On the motivation of the transferor
- Why did you decide to sell?
- How long has this project been in the planning stages?
- Are other buyers in discussions with you?
- Would you like to stay with the company after the sale, even temporarily?
- What do you plan to do after the sale?
Signals to observe during the first meeting with the transferor
Certain elements can alert you positively or negatively:
✅ Best practices:
- The transferor provides you with clear and precise answers;
- He is open about the company's situation (strengths and weaknesses);
- He shows a real desire to transfer the business under good conditions.
⚠️ Warning signs:
- The transferor remains evasive or refuses certain subjects;
- The atmosphere in the company seems tense;
- Documents are difficult to obtain;
- The seller does not seem really keen to sell.
After the meeting: what to do?
If the first meeting with the seller went well and you remain interested, here are the next steps:
1. Make a quick return
Within 10 to 15 days of the meeting, it is recommended that you express your interest or withdrawal from the process. Reasonable feedback is appreciated and demonstrates your professionalism.
2. Prepare an indicative purchase offer
If you wish to go further, you will need to make a non-binding offer, often called a Letter of Intent (LAW). It must include:
- An indicative purchase price;
- Financing arrangements;
- Payment terms;
- A resumption date is being considered.
A period of 3 to 4 weeks is generally allowed to submit this offer.

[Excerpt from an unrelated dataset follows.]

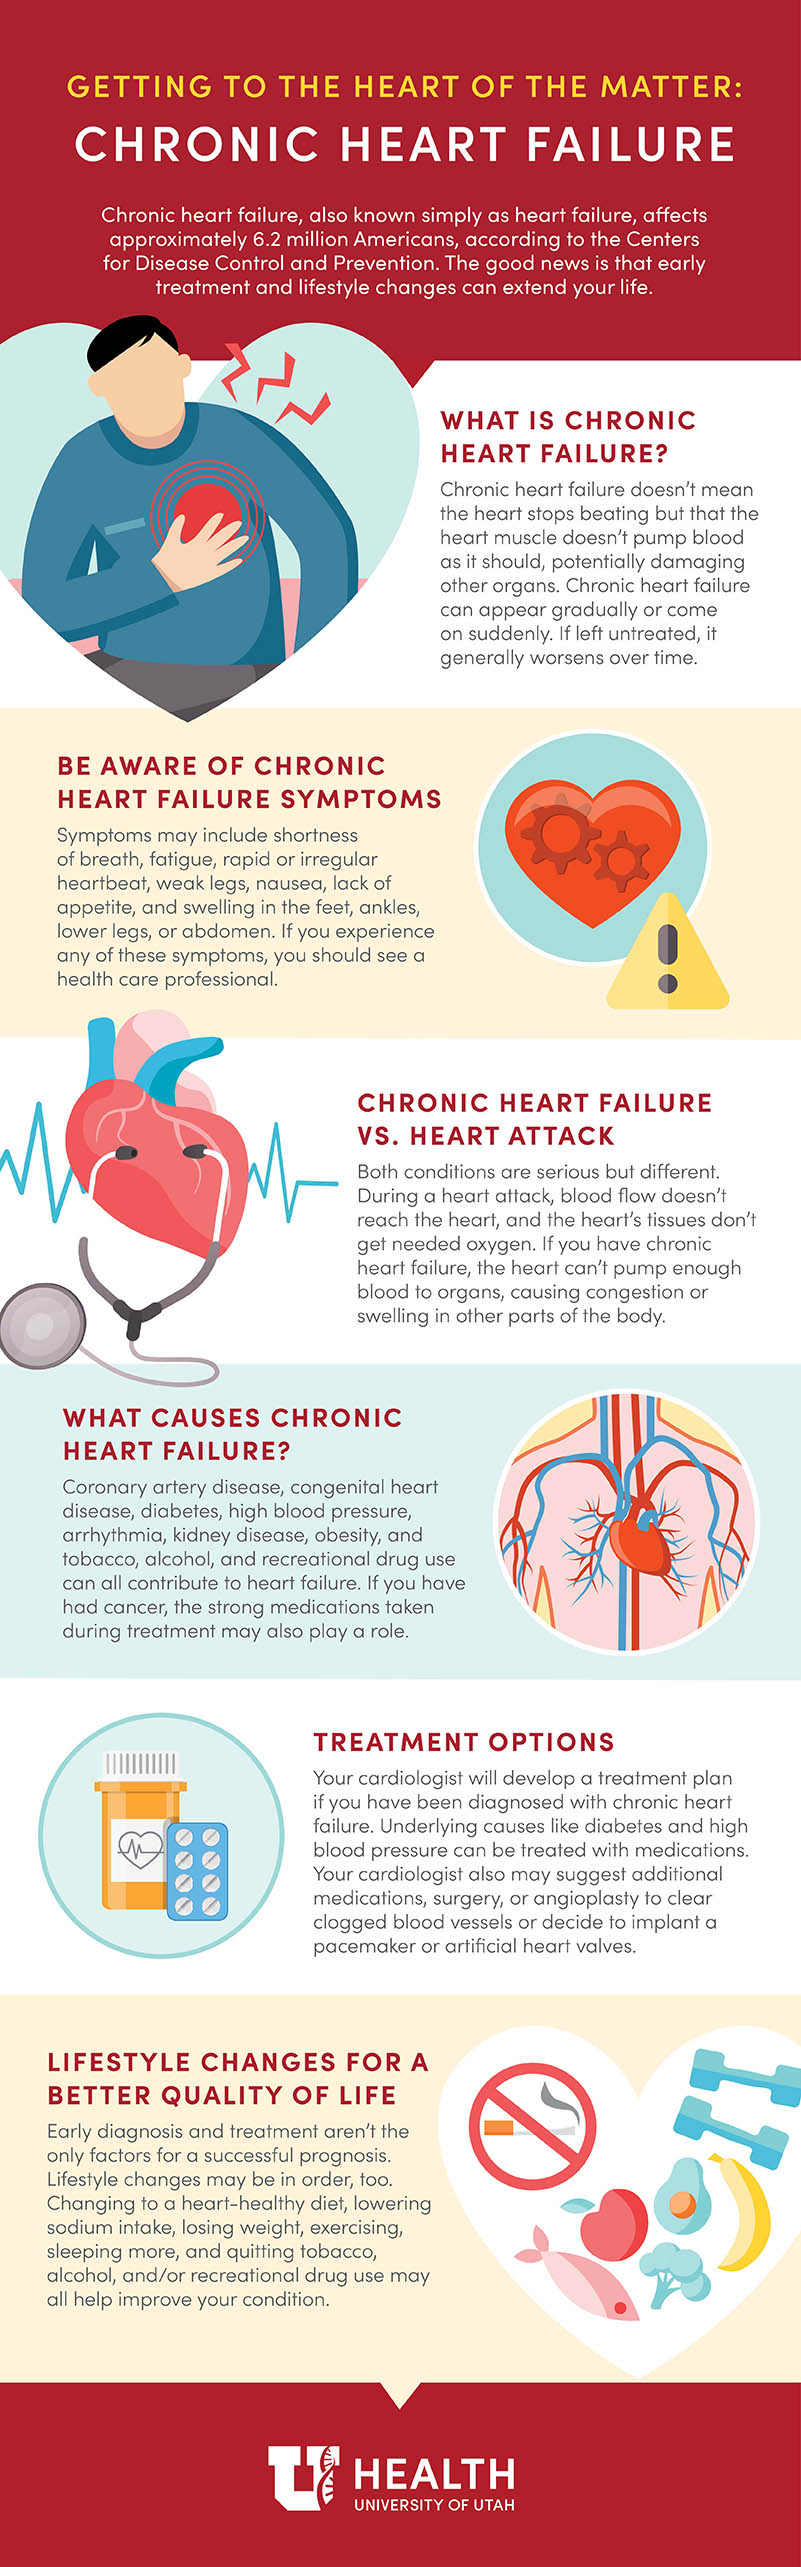 Infographic explains chronic heart failure including its symptoms, causes, and treatment options.

3. Initiate the Due Diligence phase
If the offer is accepted, a thorough verification phase (Due Diligence) is launched. It will allow the information transmitted to be confirmed or not and any potential blocking points to be identified.
Strategic advice: Don't get eliminated too early
Always keep in mind that other buyers may be in the running. The goal of this initial meeting with the seller is to avoid being excluded from the process.

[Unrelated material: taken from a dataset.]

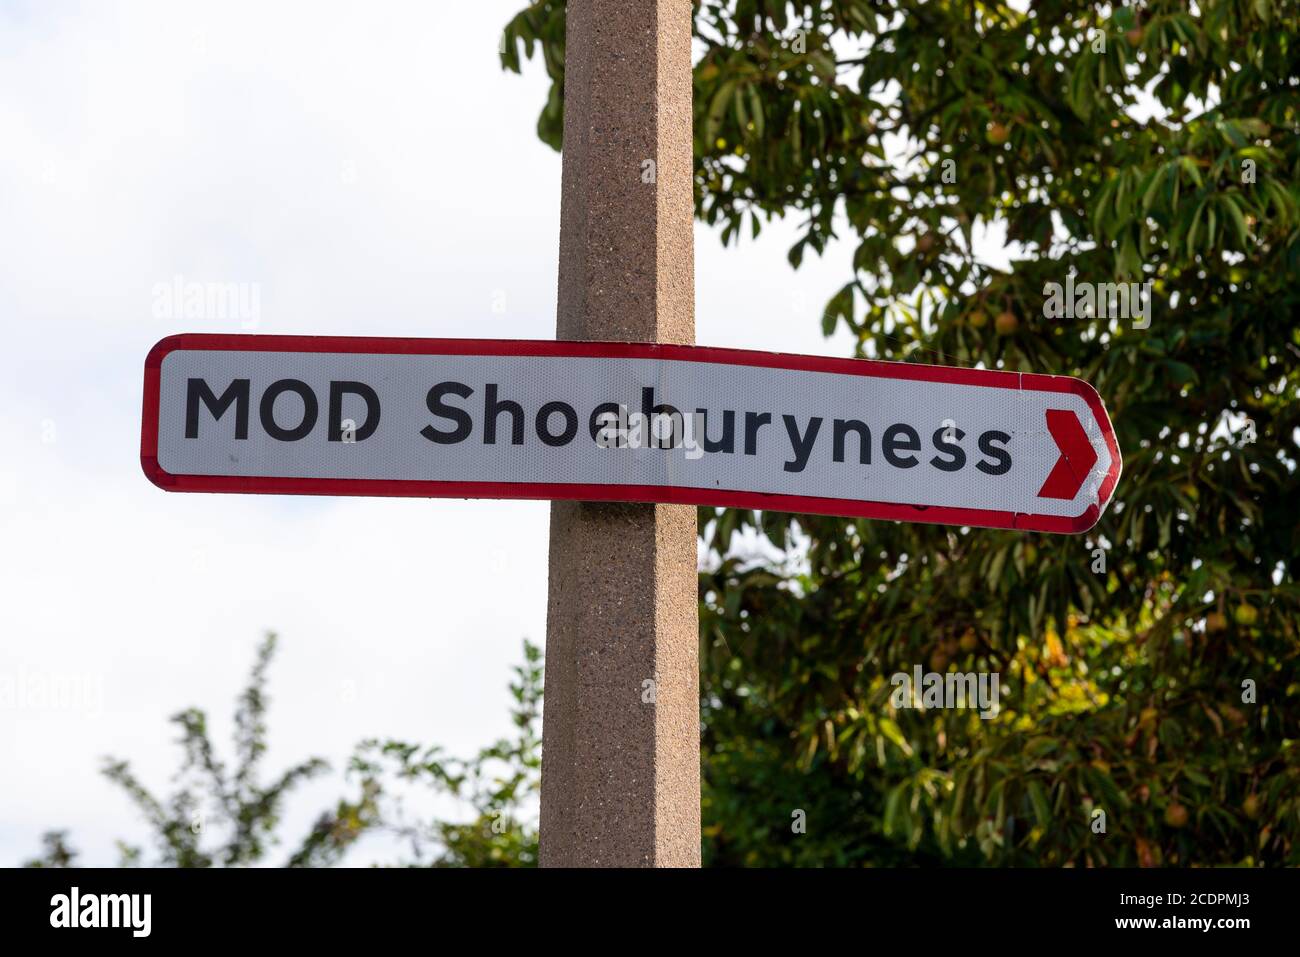 MOD Shoeburyness sign in Great Wakering, near Southend, Essex, UK. Lamp post sign post Stock Photo

Demonstrate that you are a serious, organized partner capable of seeing the project through to completion. The transferor's trust is a key factor in moving forward.

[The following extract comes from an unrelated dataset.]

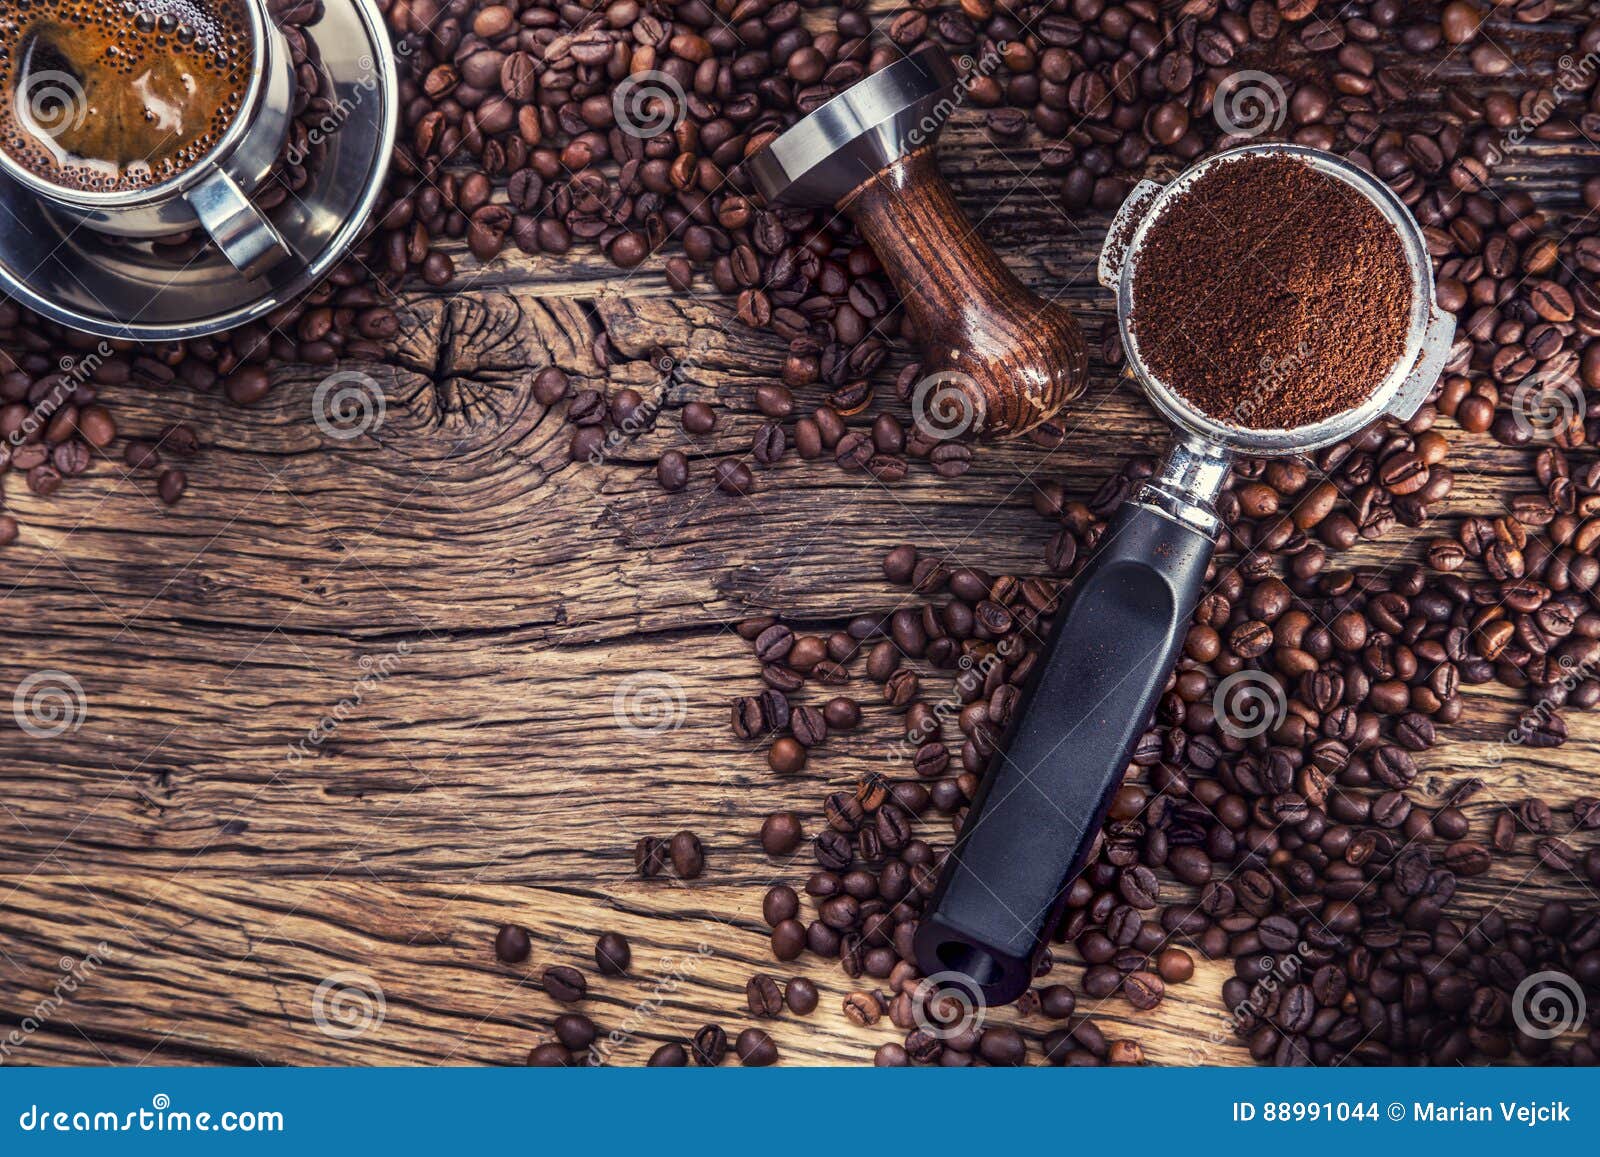 coffee. black coffee with coffee beans and portafilter on old oak wooden table

Conclusion: the first meeting with the transferor, a decisive step
A successful first meeting with the seller is about more than just asking questions. It's about establishing a constructive dialogue, gaining the seller's trust, and laying the foundation for a successful business takeover.
As a buyer, you must be curious, respectful, strategic, and compassionate. Proper preparation, an open stance, and the ability to adapt to the seller's approach will make all the difference.
Remember: this meeting is often the gateway to a life project, for you as well as for the transferor. It therefore deserves your full attention.